That is a new trend with Mac. Traditionally each "new" OS, which is more of a service pack than a new OS has been closer to $170 than the $30 that Apple releases the last one for.

That said, I also think you are giving Microsoft too much credit here. I don't think it has to do with reducing piracy as much as getting people to try Windows 8. I think their marketing sees a flop with the new GUI and wants to get as many people using the new interface now, so that if Win 9 has the same look the enterprises don't look towards Linux or *shudder* Macs.


----------



## loserOlimbs

ddk said:


> I just thought of, I don't know what size the new W-8 is? But I know that XP is a little bit bigger than W-7 and Vista was about twice as big as XP & W-7 combined, why would you want waste the extra space and it could slow ones computer down searching thru useless info.


Wot?

XP is ~2GB installed
Vista ~15GB
7~ 10GB unless you install Ultimate, and then back to ~15GB.

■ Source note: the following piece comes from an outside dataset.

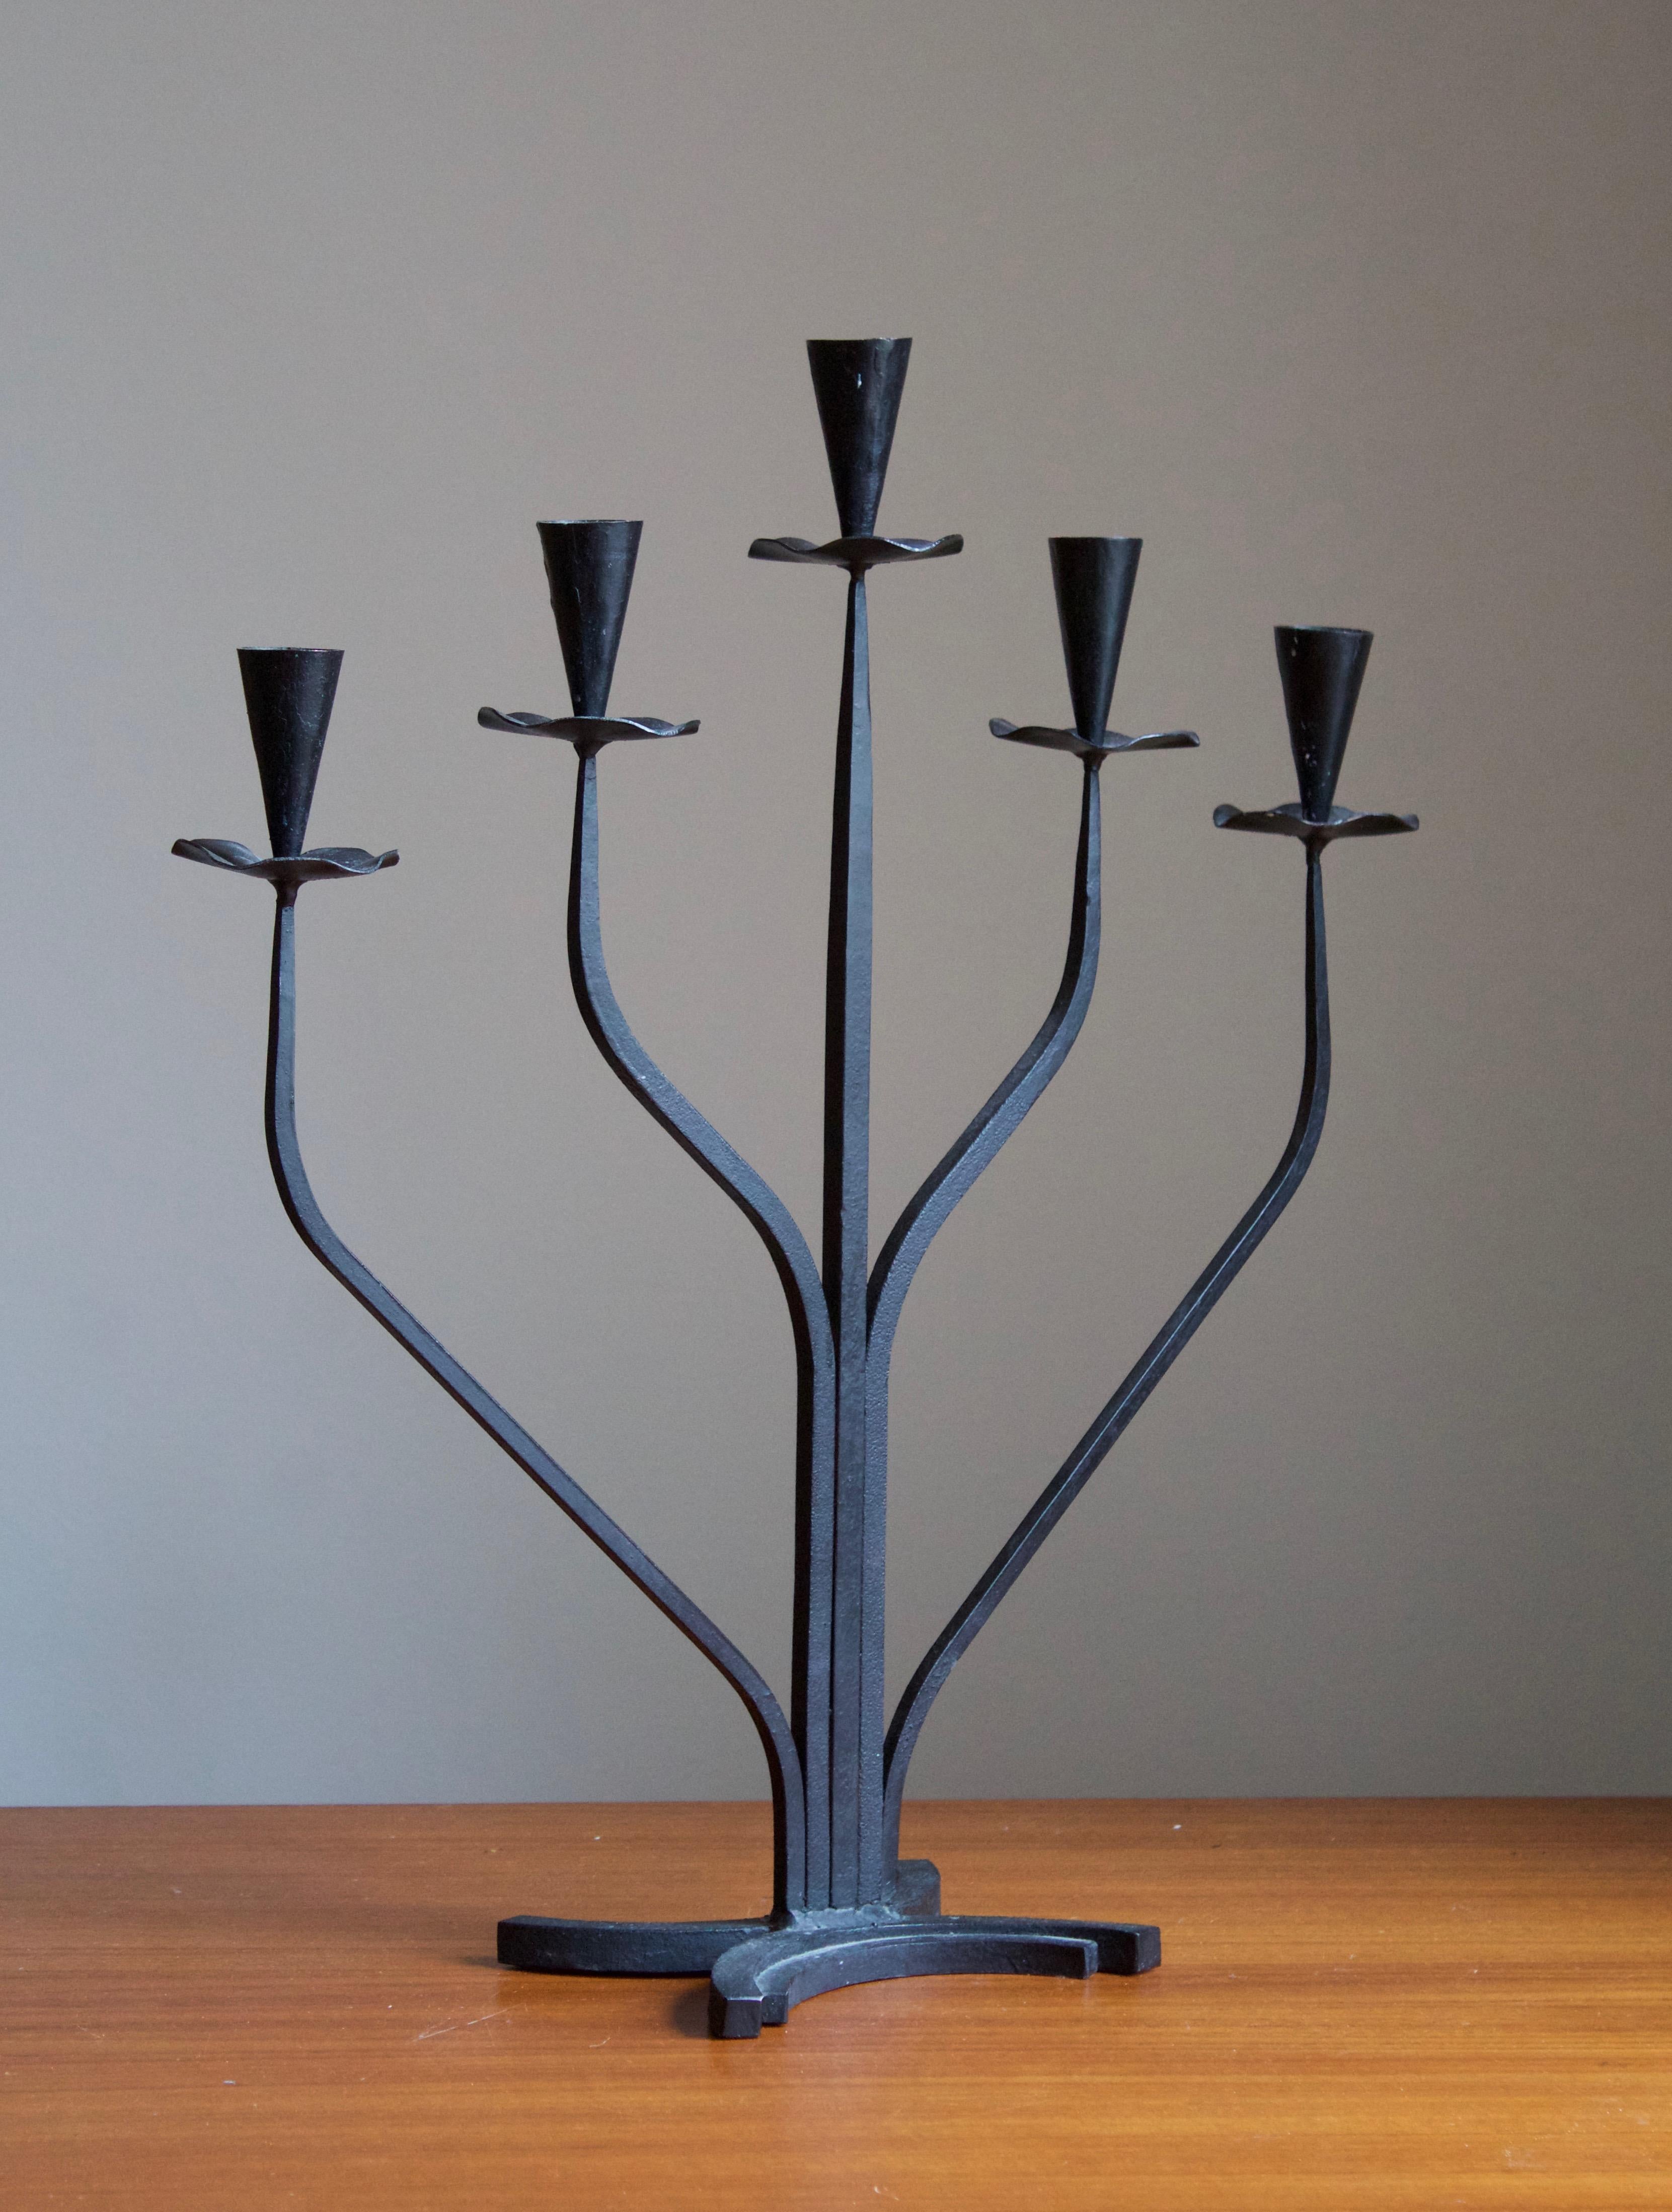 A five-armed candelabra. Made in Sweden, c. 1940s-1950s.

Vista and 7 were also 99% the same operating system, same rendering engine, same index, same major revision kernal (NT6 and NT6.1, Windows 8 is NT 6.2).


----------



## lili5689

At that price, I don't see how I can't buy a copy. I was expecting to shell out $200 for Windows 8 Pro. This should certainly increase adoption from previous versions of Windows.


----------